ACTION ITEM – What's needed is an exact retyping of the lines from the start of the listing up to and including the line with "ダブル参照する余分なkameyama candle(カメヤマキャンドル) バンブーインセンス用ホルダースクエア", minus any pictures.

GIVEN DATA –
--------------------------------------------------
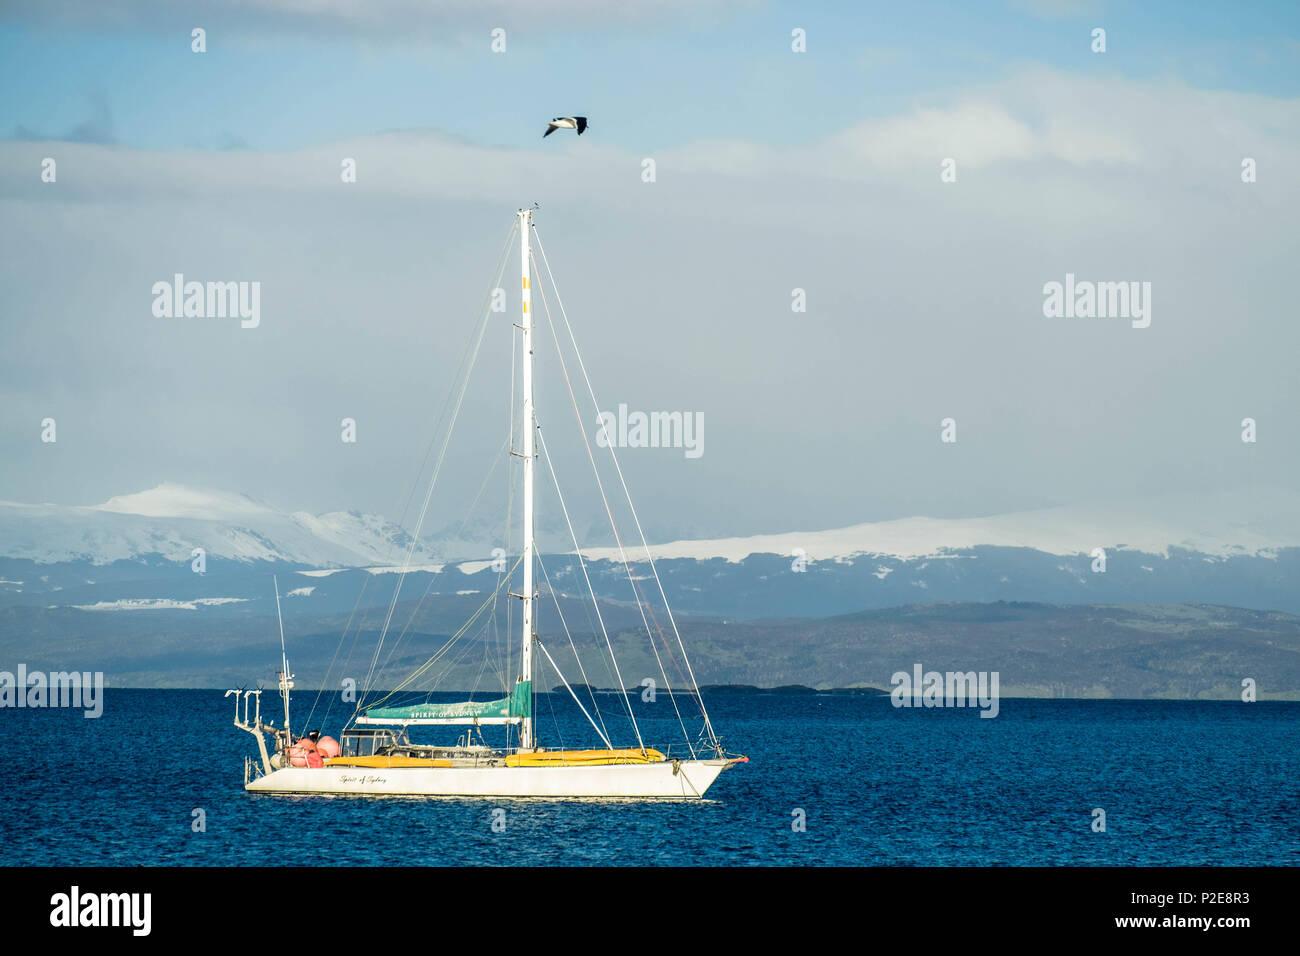 Un voile voile traverse le canal Beagle près d'Ushuaia. La voile est populaire dans cette partie du monde où les îles offrent de superbes paysages. Banque D'Images
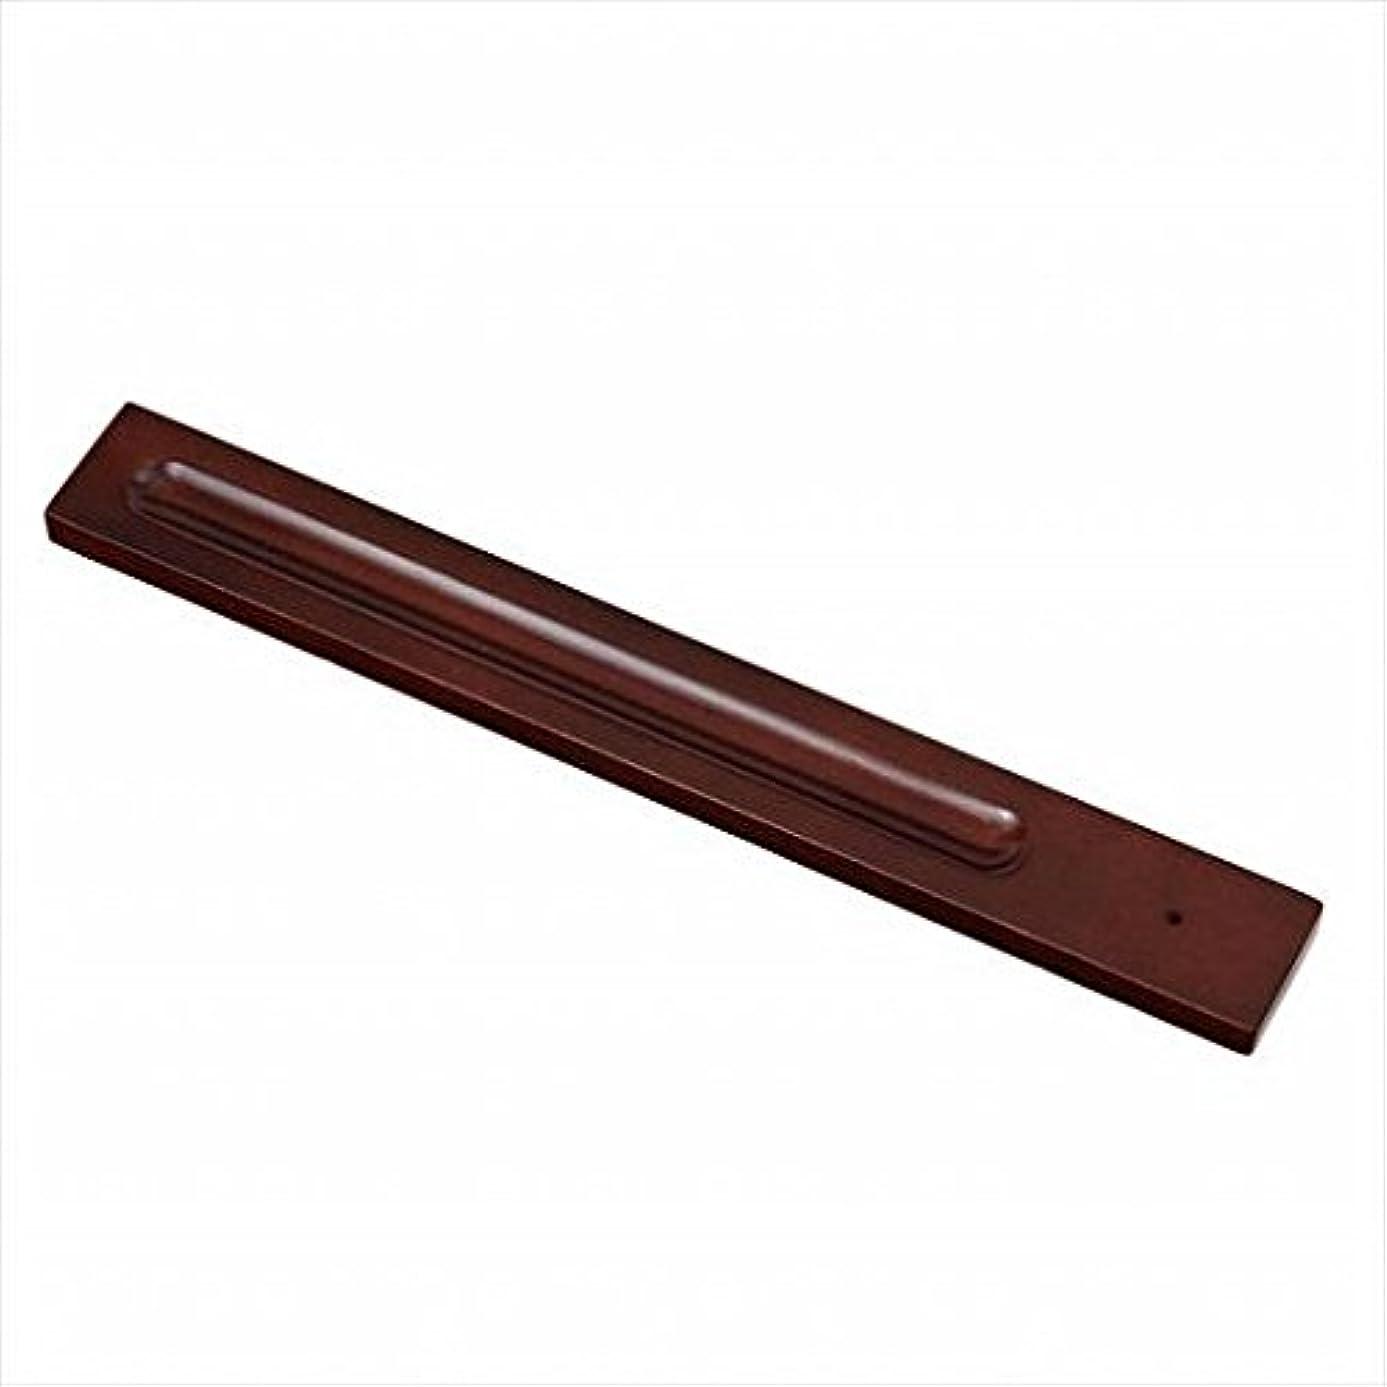 ダブル参照する余分なkameyama candle(カメヤマキャンドル) バンブーインセンス用ホルダースクエア 「 ブラウン 」 キャンドル 30x246x9mm (E3130000BR)
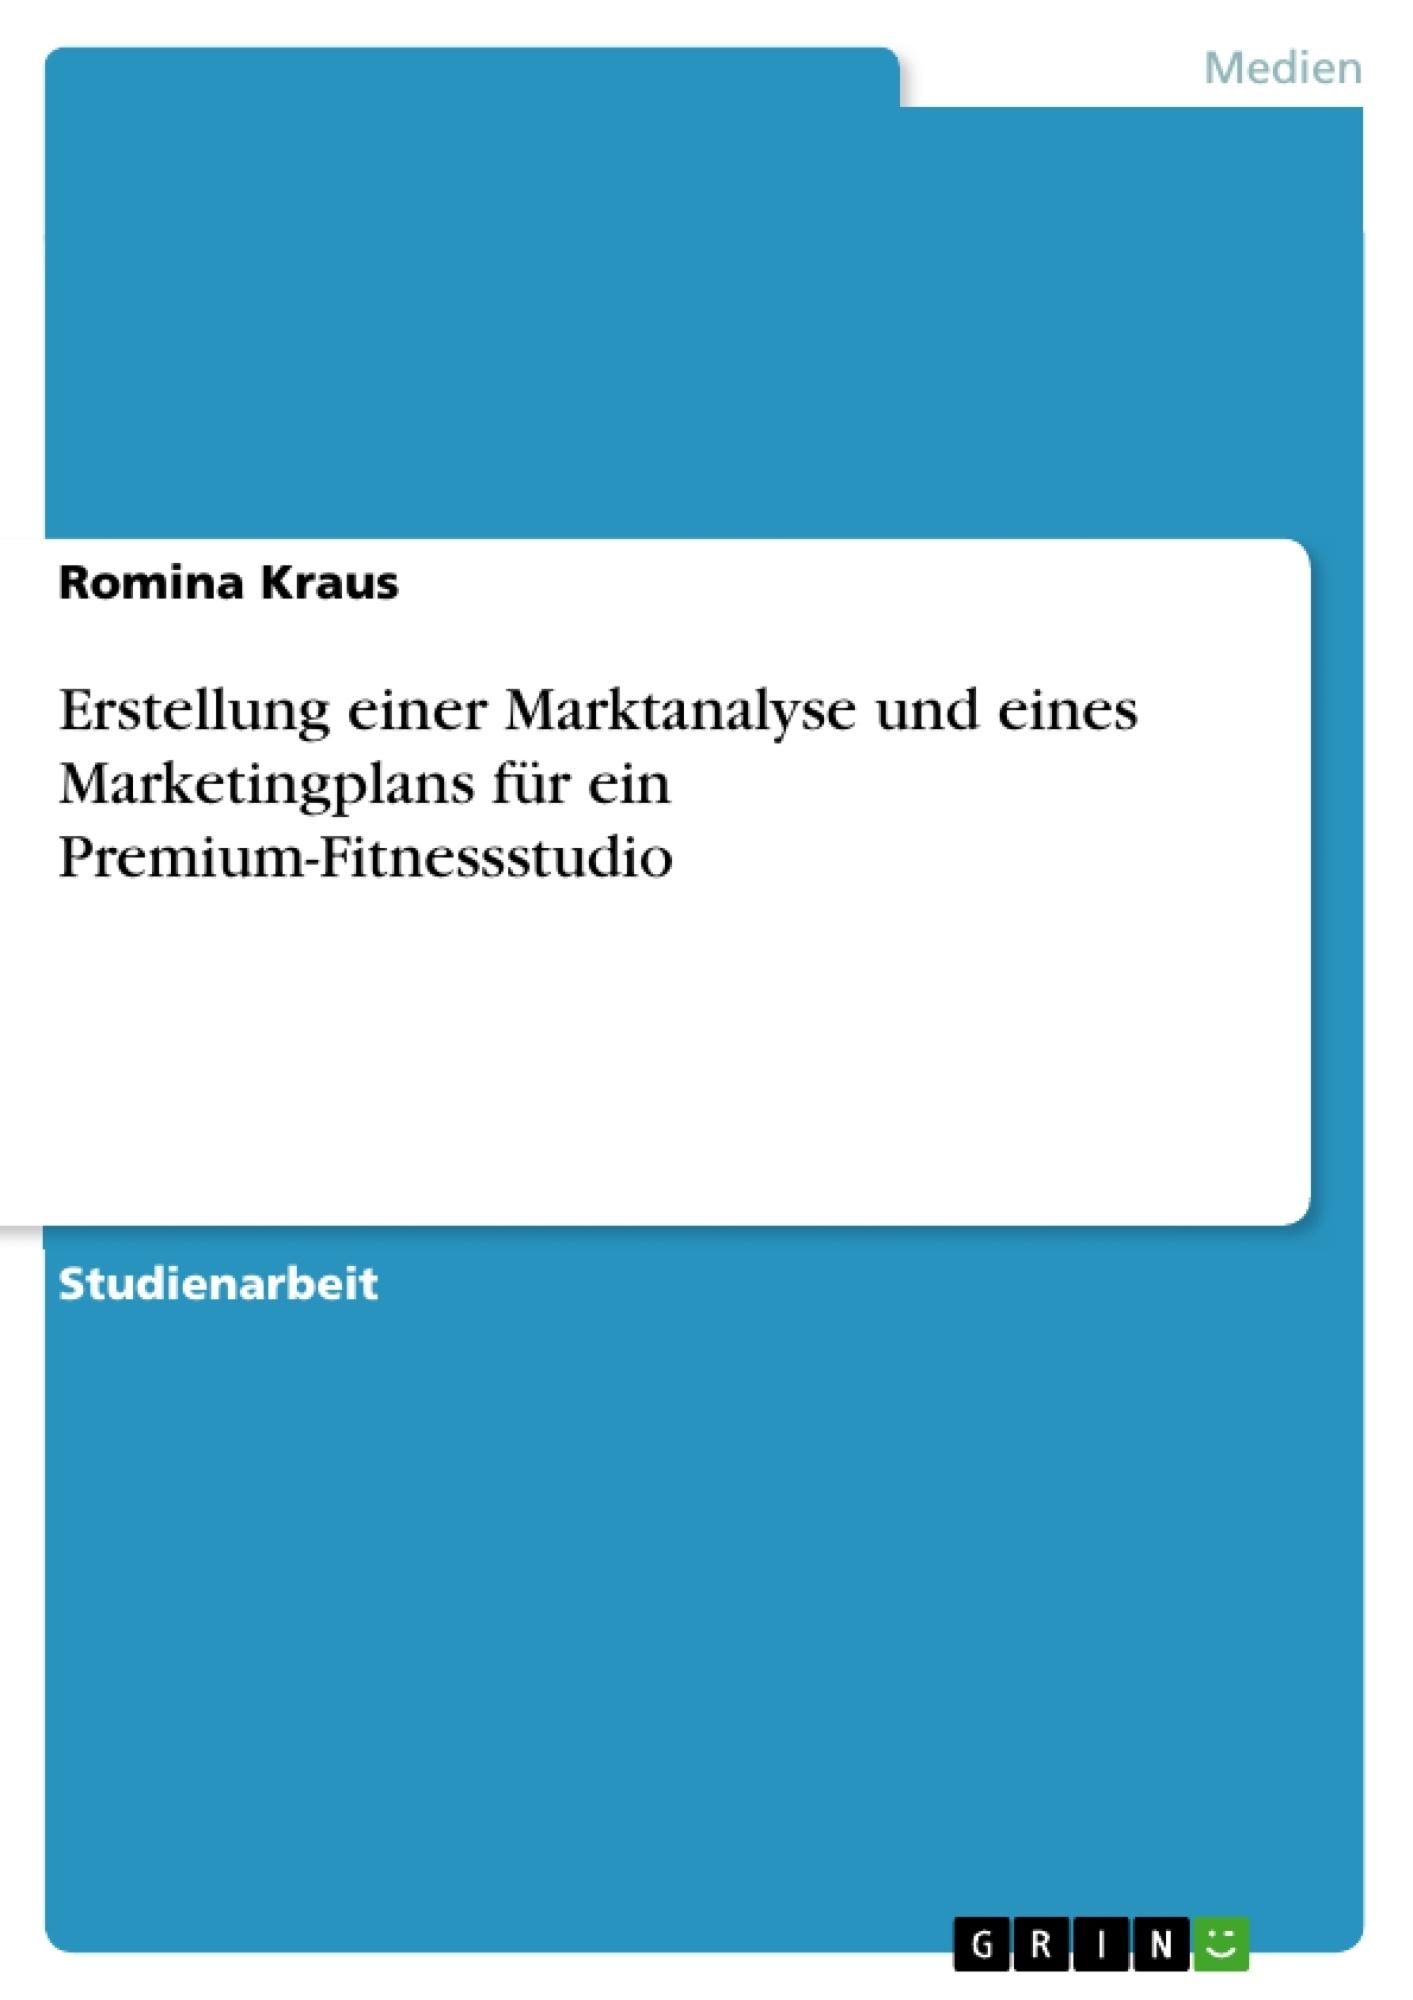 Titel: Erstellung einer Marktanalyse und eines Marketingplans für ein Premium-Fitnessstudio
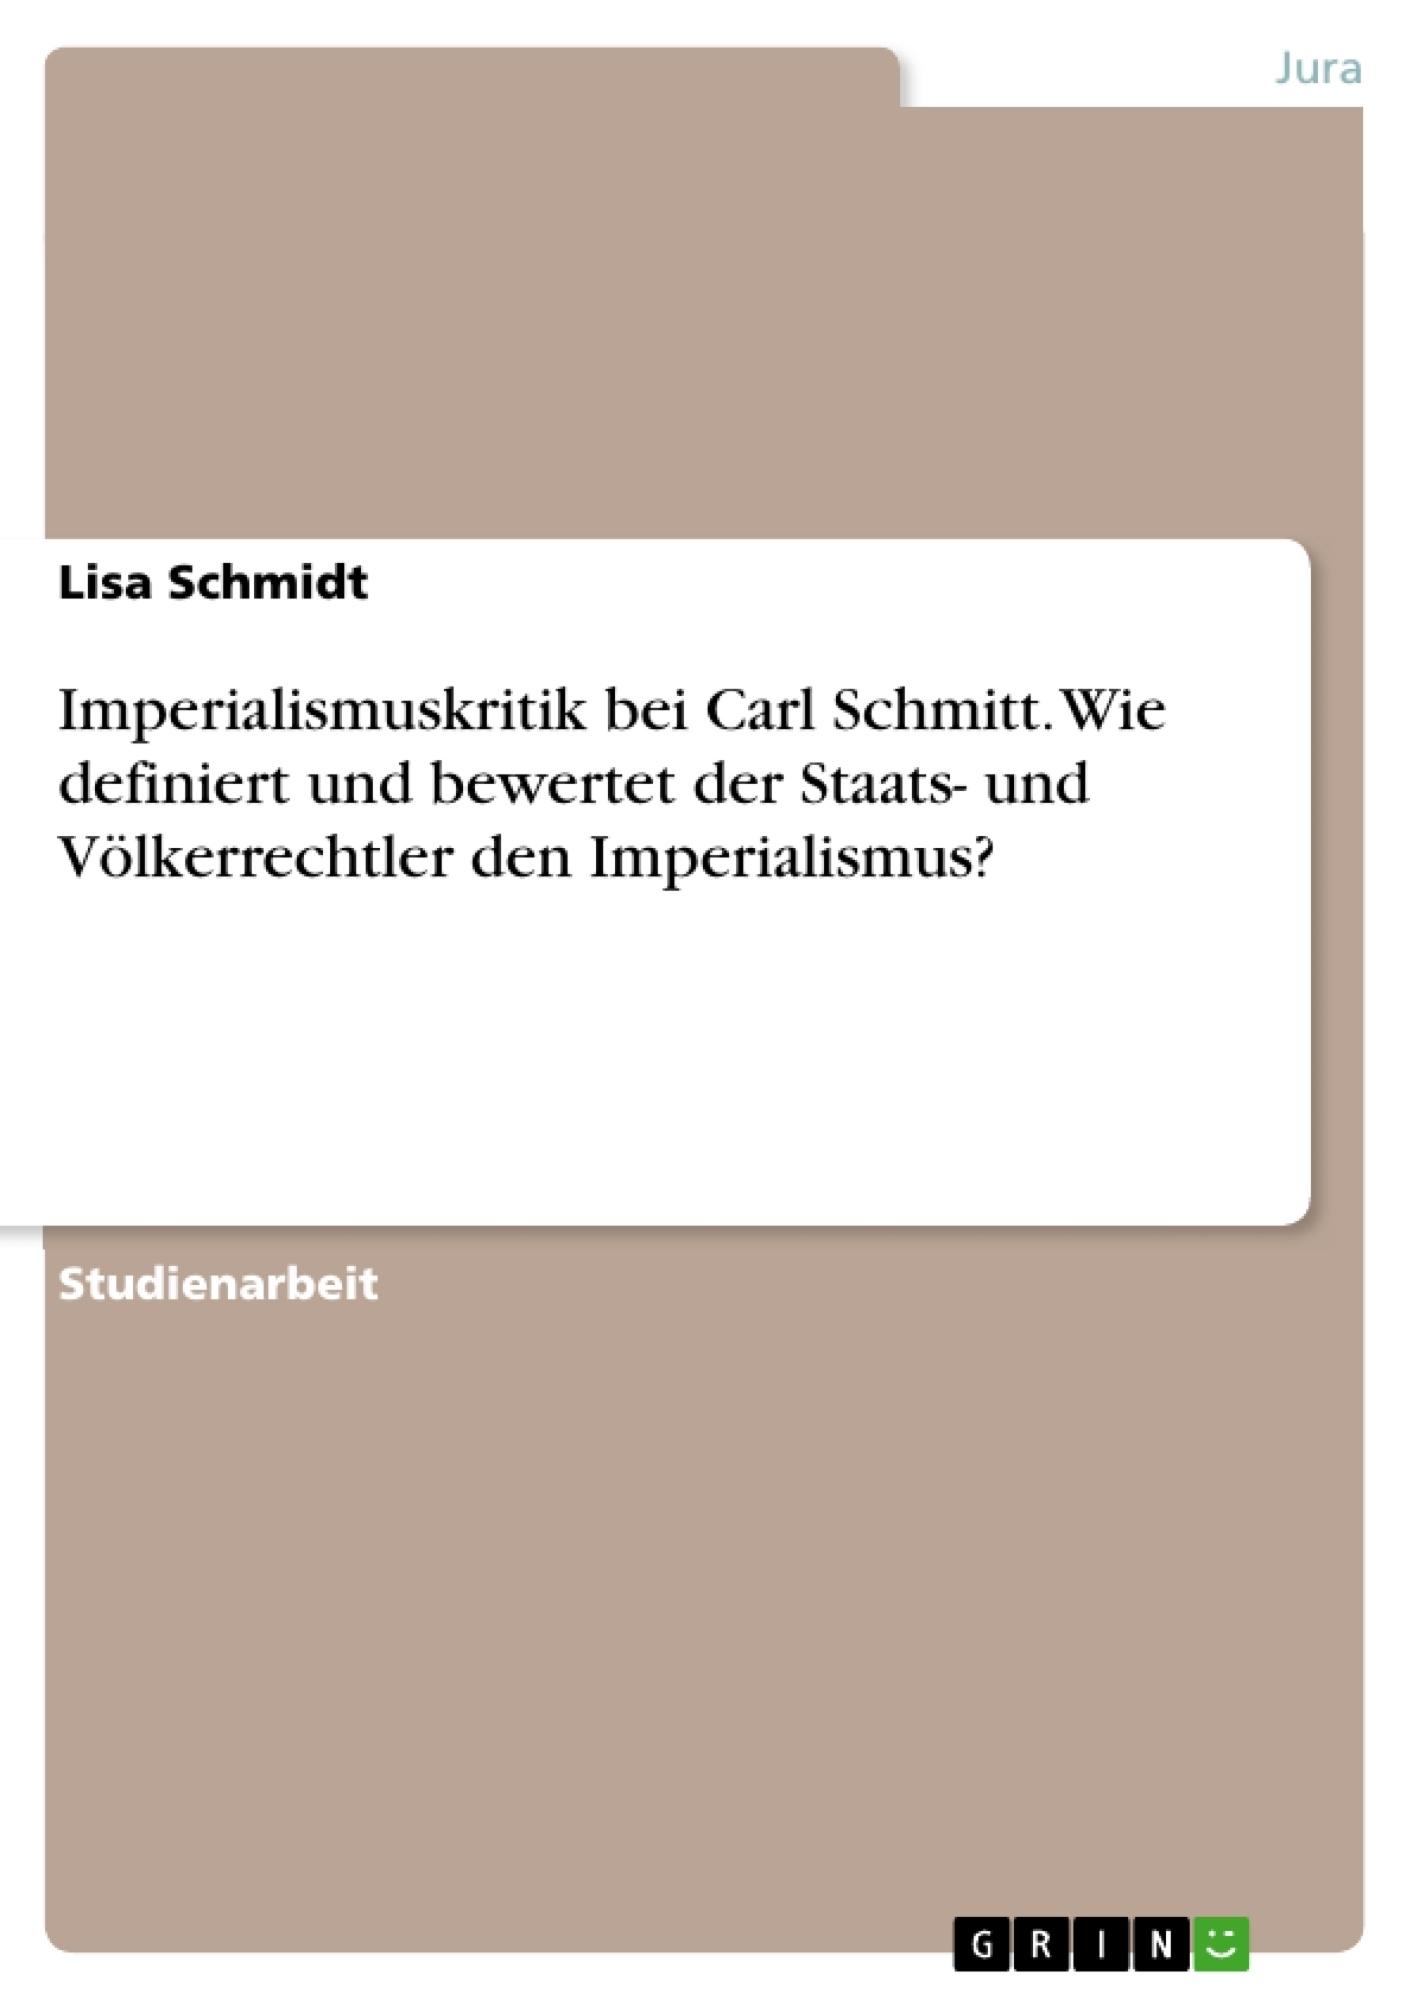 Titel: Imperialismuskritik bei Carl Schmitt. Wie definiert und bewertet der Staats- und Völkerrechtler den Imperialismus?
--------------------------------------------------
REPLY TO THE TASK –
 Un voile voile traverse le canal Beagle près d'Ushuaia. La voile est populaire dans cette partie du monde où les îles offrent de superbes paysages. Banque D'Images
 ダブル参照する余分なkameyama candle(カメヤマキャンドル) バンブーインセンス用ホルダースクエア 「 ブラウン 」 キャンドル 30x246x9mm (E3130000BR)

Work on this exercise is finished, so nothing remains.